Движимый желанием видеть себя как можно скорее посвященным рыцарем, Дон-Кихот кидает свою закуску, зовет хозяина, уводит его в конюшню и там, затворив дверь, падает пред ним на колени, говоря ему: "не встану, до тех пор не встану, благородный рыцарь, пока не получу от вас согласия на мою просьбу, исполнение которой озарит славою не только вас, но, быть может, всю вселенную". Хозяин, видя Дон-Кихота у ног своих, слыша его странные слова, убеждал его подняться с колен, но тщетны были все увещания хозяина, пока он не пообещал нашему герою исполнить его просьбу.

- Я этого ожидал от вашего великодушие, сказал Дон-Кихот. Просьба, с которою я намерен обратиться в вам, и которую вы так обязательно обещались исполнить, состоит в том, чтобы завтра, на рассвете, посвятить меня в рыцари; но перед тем, как удостоиться этого высокого звания, так пламенно мною ожидаемого, позвольте мне провести ночь в часовне вашего замка, на страже оружия, после чего мне дозволено будет, согласно уставам рыцарства, искать приключений по целому миру, карая виновных, защищая угнетенных и вообще исполняя все, в чему обязывает принимаемое мною звание.

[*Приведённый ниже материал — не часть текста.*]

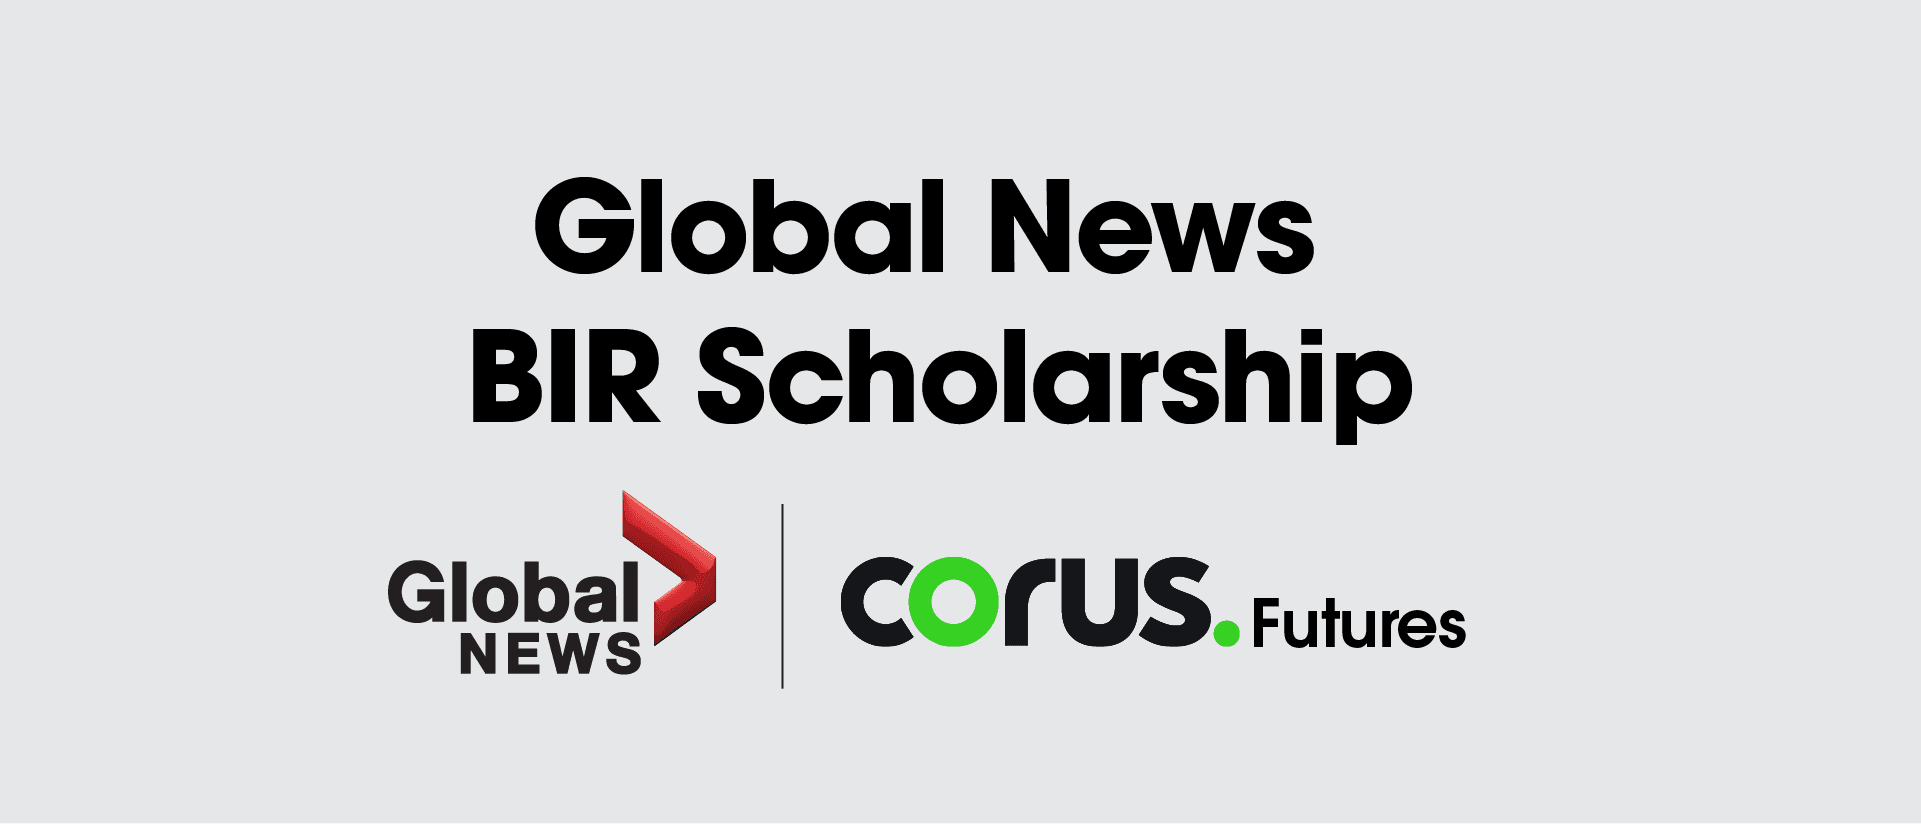 Global News BIR Scholarship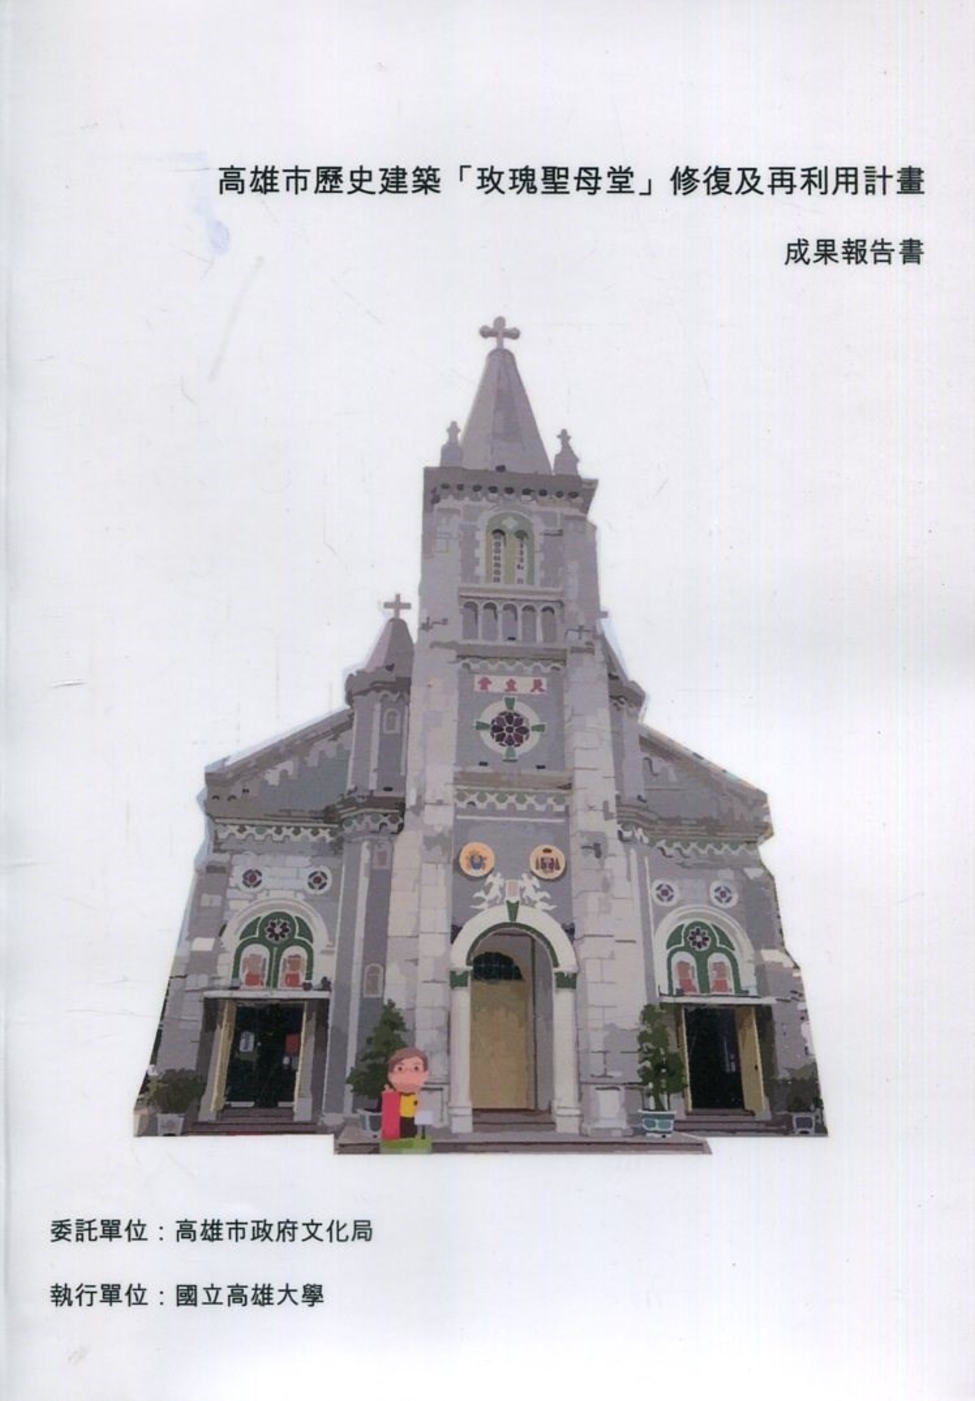 高雄市歷史建築「玫瑰聖母堂」修復及再利用計畫 成果報告書

Хозяин, человек себе на уме, заподозривши уже прежде своего гостя в помешательстве, при последних словах его убедился в этом окончательно и, желая вдоволь посмеяться, обещал исполнить его просьбу. Сказав Дон-Кихоту, что принятое им намерение свидетельствует о высоком уме его и совершенно соответствует такому высокому дворянину, каким, по словам хозяина, казался Дон-Кихот по виду и по своим изысканным манерам, хозяин добавил, что в молодые лета он сам вел жизнь странствующего рыцаря, посетив в поисках приключений предместья Малаги и Севильи, рынки Сеговии, острова Риаронские, оливковые сады Валенсии, окрестности Гренады, морские берега Сан-Лукара и всевозможные харчевни Толедо (Все эти места известны были во времена Сервантеса, как притоны всевозможных негодяев.), испытывая во всех этих местах легкость ног и искуство рук своих, и всюду оставляя следы своего пребывания, обольщая молодых девушек, совращая с пути истины вдов, грабя сирот и сделавшись известным чуть не во всех испанских судах, я, говорил хозяин, пришел укрыться теперь в этом замке, и живя своими и чужими деньгами, радушно принимаю в нем всех странствующих рыцарей, единственно из высокого уважения, питаемого мною в этому благородному сословию и в надежде, что они поделятся со мной кошельком своим в награду за мой радушный прием. Он сказал, наконец, что у него нет часовни, в которой бы Дон-Кихот мог провести ночь на страже оружия, уверив его, будто, желая выстроить новую, он сломал прежде бывшую часовню, но в утешение ему добавил, что законы рыцарства дозволяют, в крайнем случае, проводить ночь на страже оружия где бы то ни было, и предлагал для этой цели двор своего замка, на котором оп надеялся, при помощи Божией, на рассвете следующего дня исполнить над Дон-Кихотом обряд посвящения, так, чтобы чрез несколько часов он мог считать себя вполне посвященным рыцарем. Хозяин кончил речь свою вопросом, естьли у Дон-Кихота деньги?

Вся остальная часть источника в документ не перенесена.